We usually think of age as the length of time we have been alive, which happens at the same rate for everyone. However, we often associate old age with a decline in brain health, which is not the same for everyone. Some brain health decline is fast and steep, while others have almost no decline. These individual differences impede separating normal ageing from the earliest signs of neurodegeneration. If we could distinguish them, therapies for the latter might be more successful. Lifestyle and genetics are influential to individual brain health. Their continued impact across a lifespan creates a spectrum of outcomes. Beneficial lifestyle choices plenish resources that could cushion brain health from later insults. Detrimental factors can advance disease progression by stimulating the root cause.
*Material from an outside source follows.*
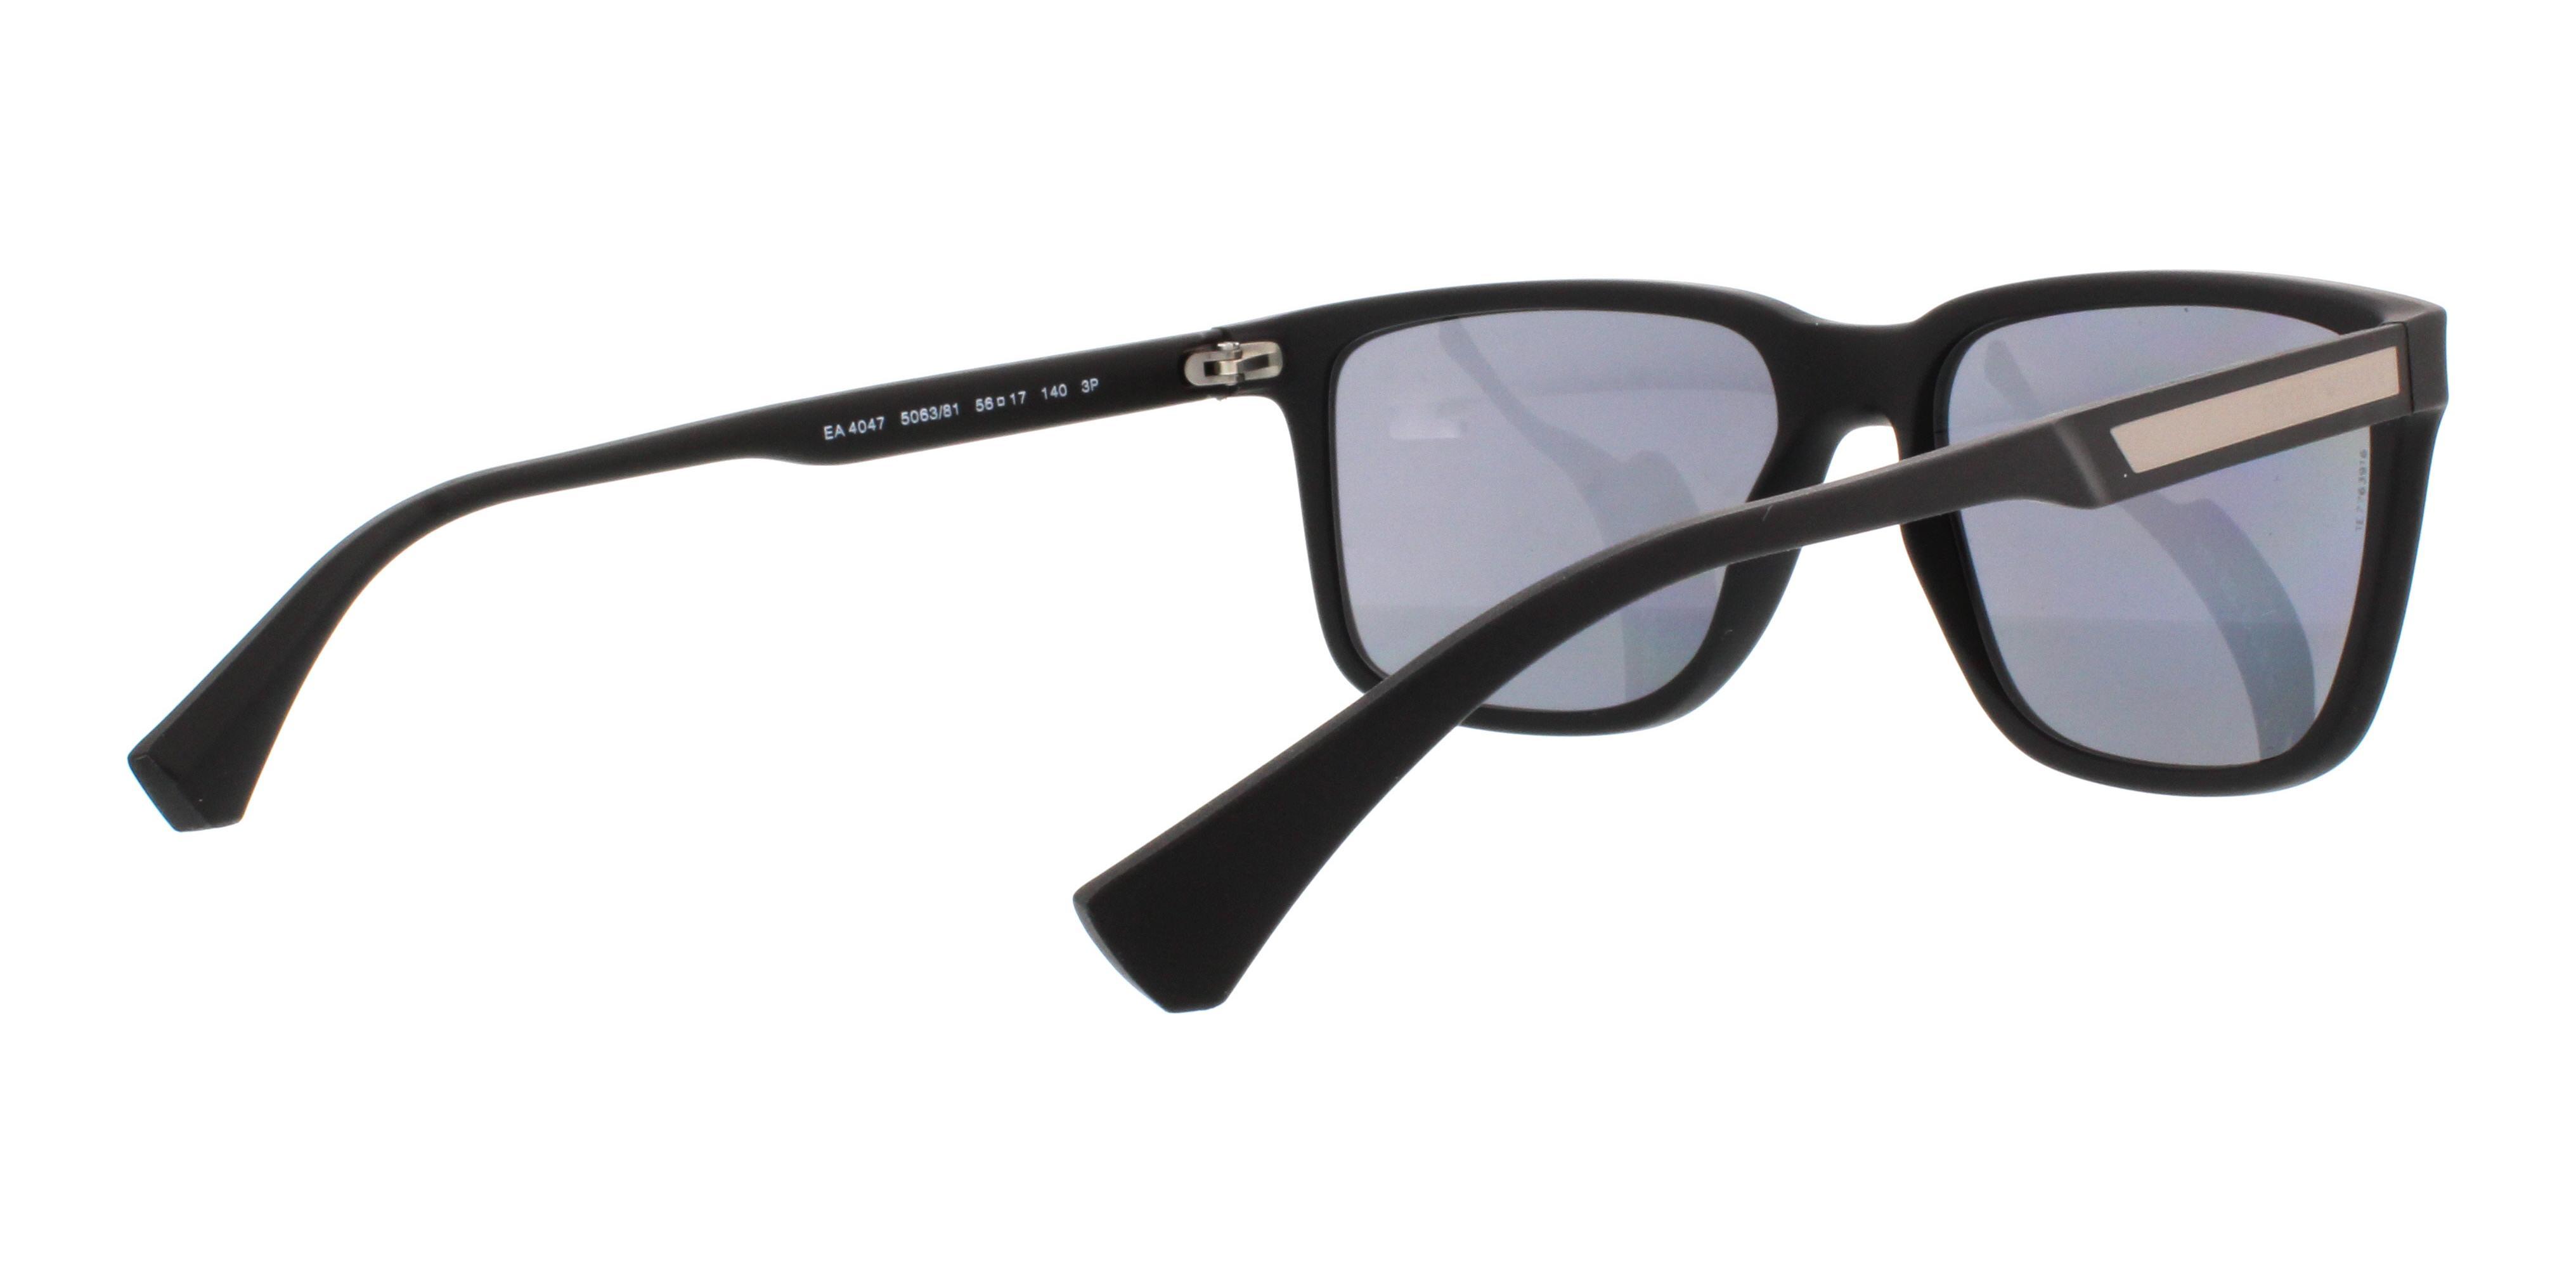 25034758fc4f Designer Frames Outlet. Emporio Armani EA4047

They may also spend existing resources, reducing support for prospective issues. We use neuroimaging to observe brain changes linked to these factors. We combine imaging methods to understand the effect of age on structure and function. Knowing how we expect the brain to change also informs disease research. For example, unexpected changes may suggest susceptibility to disease.
Project aims
- Better understand how genetics and environments can alter an individual’s ageing brain health.
- Develop translational biomarkers that are sensitive to ageing outcomes in animals and humans.
References
- Brusini, I., MacNicol, E., Kim, E., Smedby, Ö., Wang, C., Westman, E., Veronese, M., Turkheimer, F.E. and Cash, D., [Pre-print] (2021). MRI-derived brain age as a biomarker of ageing in rats: validation using a healthy lifestyle intervention. bioRxiv.
- MacNicol E., Wright, P., Kim, E., Brusini, I., Esteban, O., Simmons, C., Turkheimer, F., et al. [Pre-print] (2021), “Age-specific adult rat brain MRI templates and tissue probability maps”, OSF Preprints, 17 February, available at:https://doi.org/10.31219/osf.io/htgqn.
- MacNicol, E (2021). ‘Longitudinal Characterisation of Healthy Ageing in Rats using Multimodal Magnetic Resonance Imaging’, PhD thesis, King’s College London, London.